Note that when you load rstan from cran, you will see some recommendations on using multiple cores for speeding the process. For the best experience, we highly recommend using this code:

options(mc.cores = parallel::detectCores())
rstan_options(auto_write = TRUE)

This tells RStudio to use multiple core for parallel processing whenever Stan is being implemented. Every time you want to use Stan - make sure to load parallel::detectCores() and rstan_options code.

2.2 About Stan Programming

This section describes how to code up a basic Stan model. This section forms the foundation for later, and more complex models.
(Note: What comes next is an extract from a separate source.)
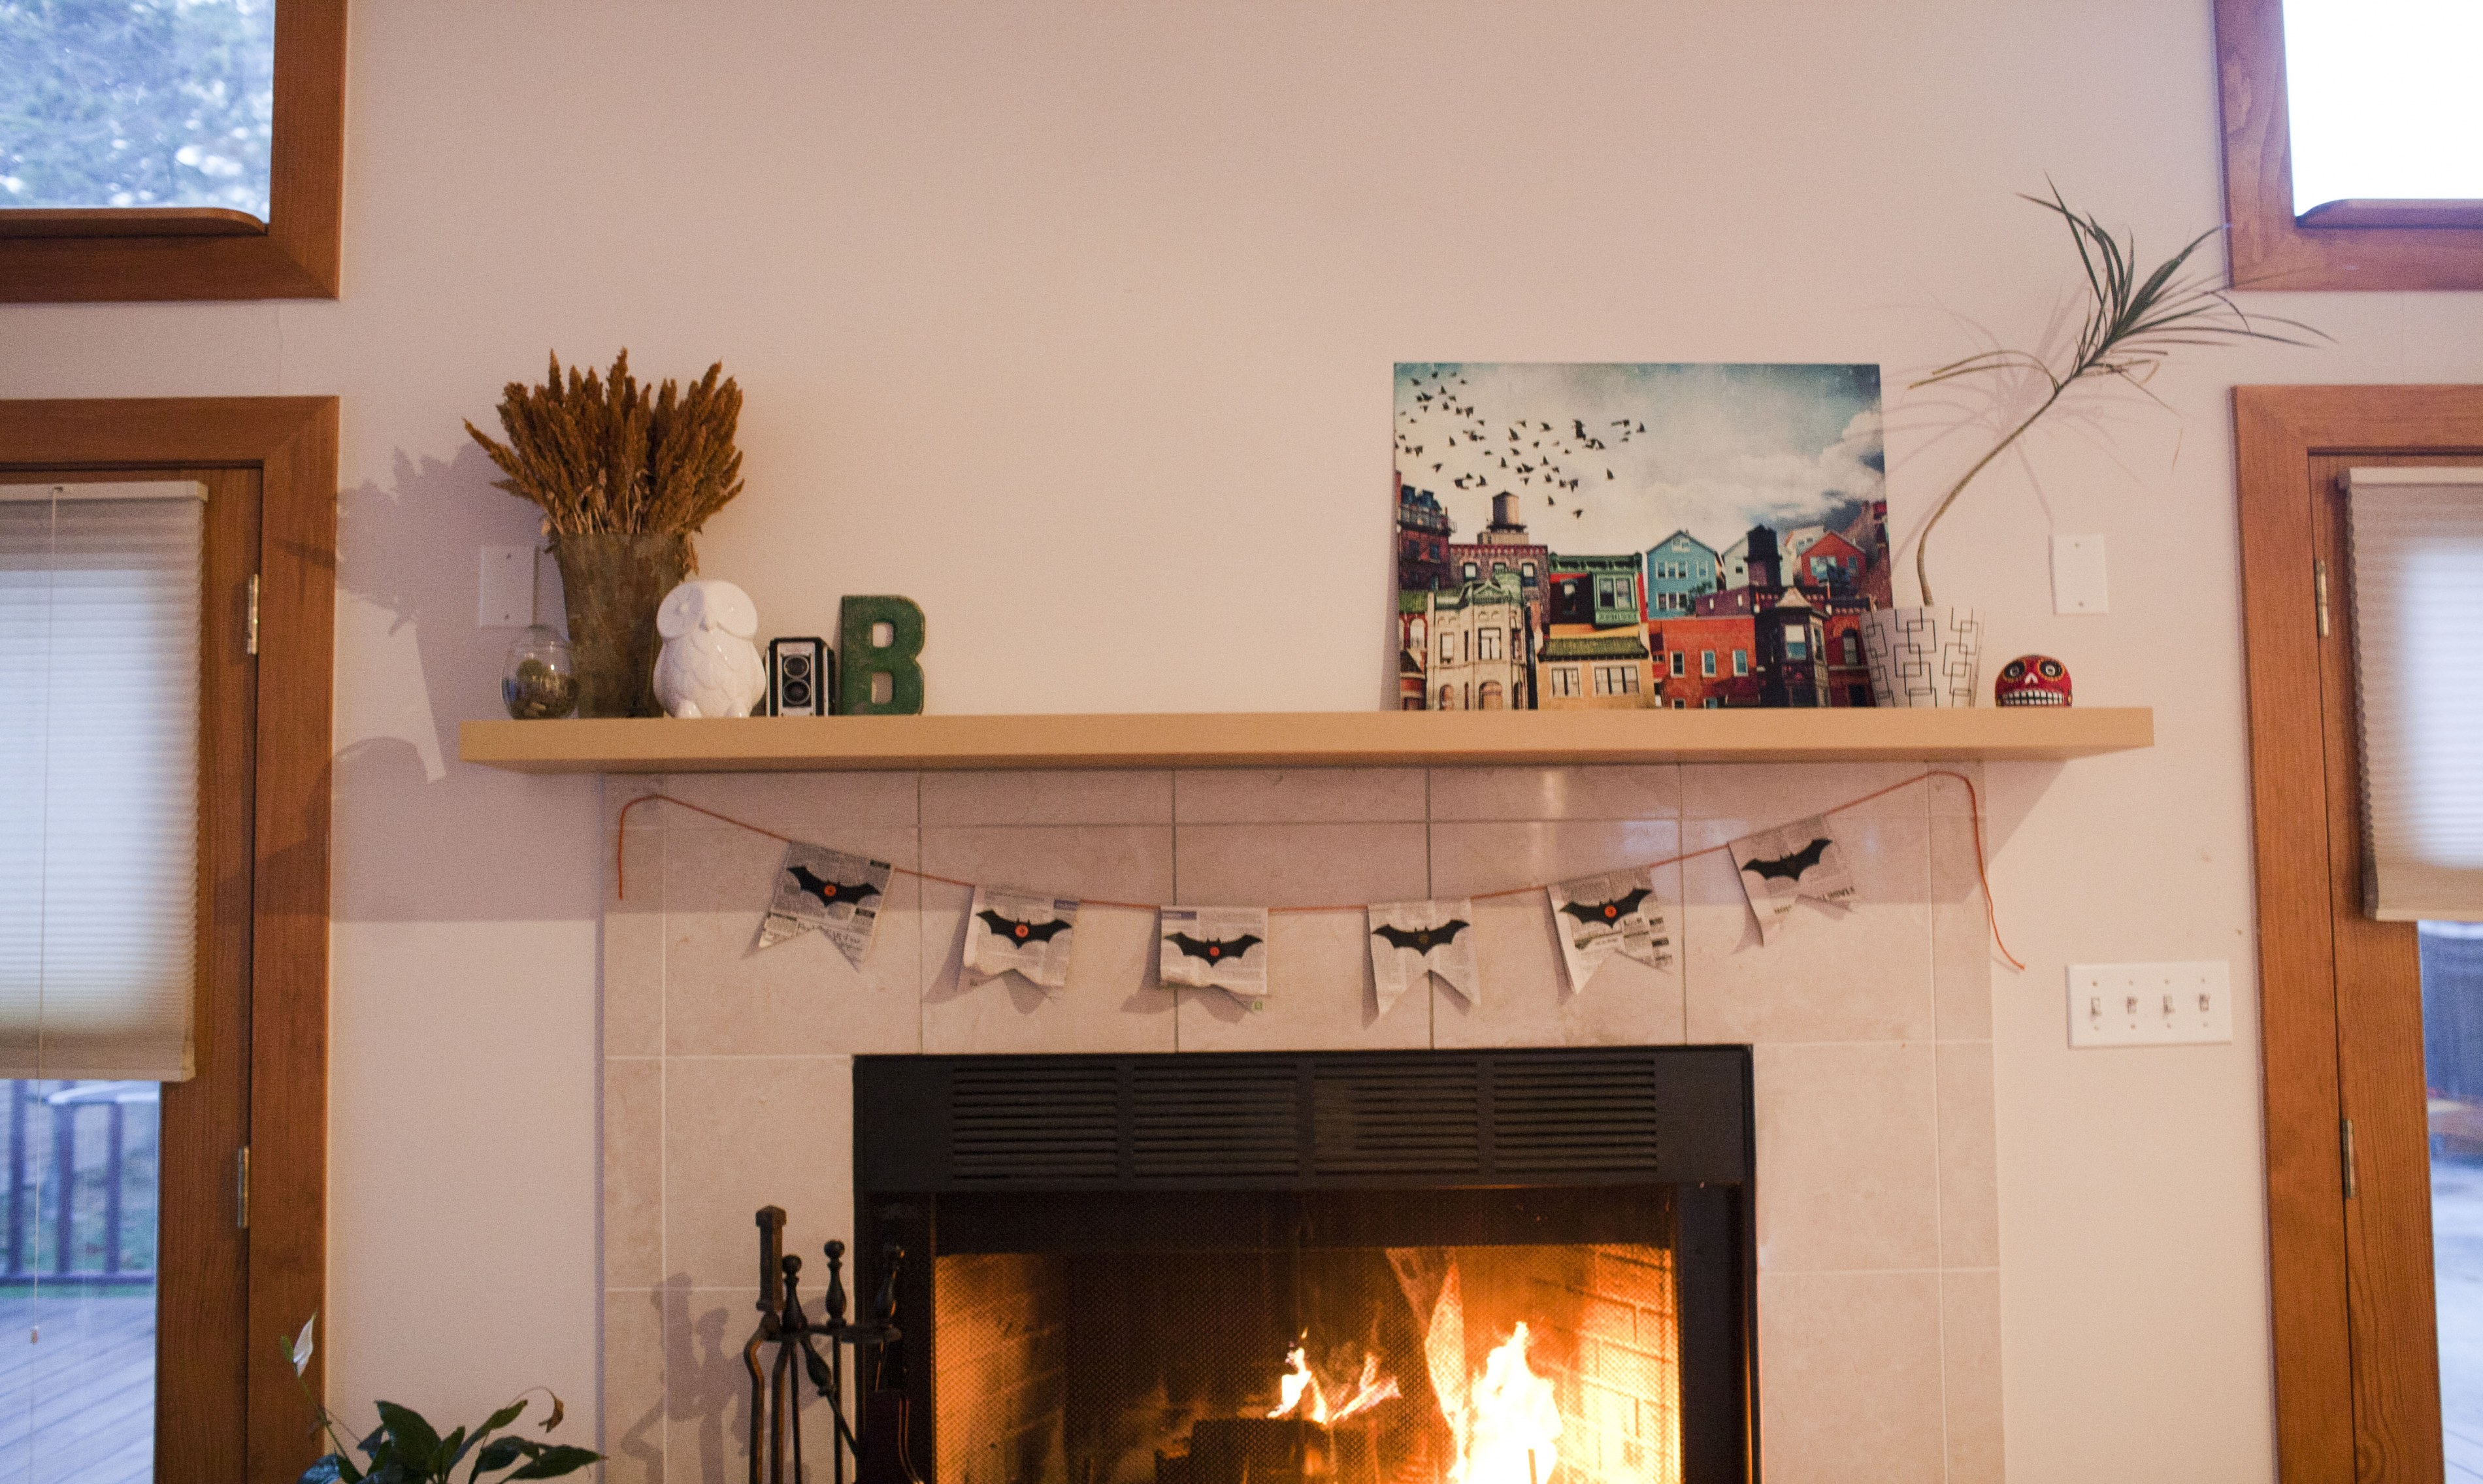 diy fireplace mantel shelf floating shelves fireplace amprh57 roc munity of diy fireplace mantel shelf

2.2.1 Basic building blocks I: Opening a Stan Script in RStudio

Alright, let’s open a Stan file. You can do this by clicking and selecting File > New File > Stan File

When you open a new Stan file, you will be greeted with an untitled script which contains the following bits of code:

//
// This Stan program defines a simple model, with a
// vector of values 'y' modeled as normally distributed
// with mean 'mu' and standard deviation 'sigma'.
//
// Learn more about model development with Stan at:
//
//    http://mc-stan.org/users/interfaces/rstan.html
//    https://github.com/stan-dev/rstan/wiki/RStan-Getting-Started
//

// The input data is a vector 'y' of length 'N'.
data {
  int<lower=0> N;
  vector[N] y;
}

// The parameters accepted by the model. Our model
// accepts two parameters 'mu' and 'sigma'.
parameters {
  real mu;
  real<lower=0> sigma;
}

// The model to be estimated. We model the output
// 'y' to be normally distributed with mean 'mu'
// and standard deviation 'sigma'.
model {
  y ~ normal(mu, sigma);
}

Do not worry about that - it is just some formalities put there by default by the developers behind rstan. You can delete everything you see in this script as we will build our own basic script from scratch.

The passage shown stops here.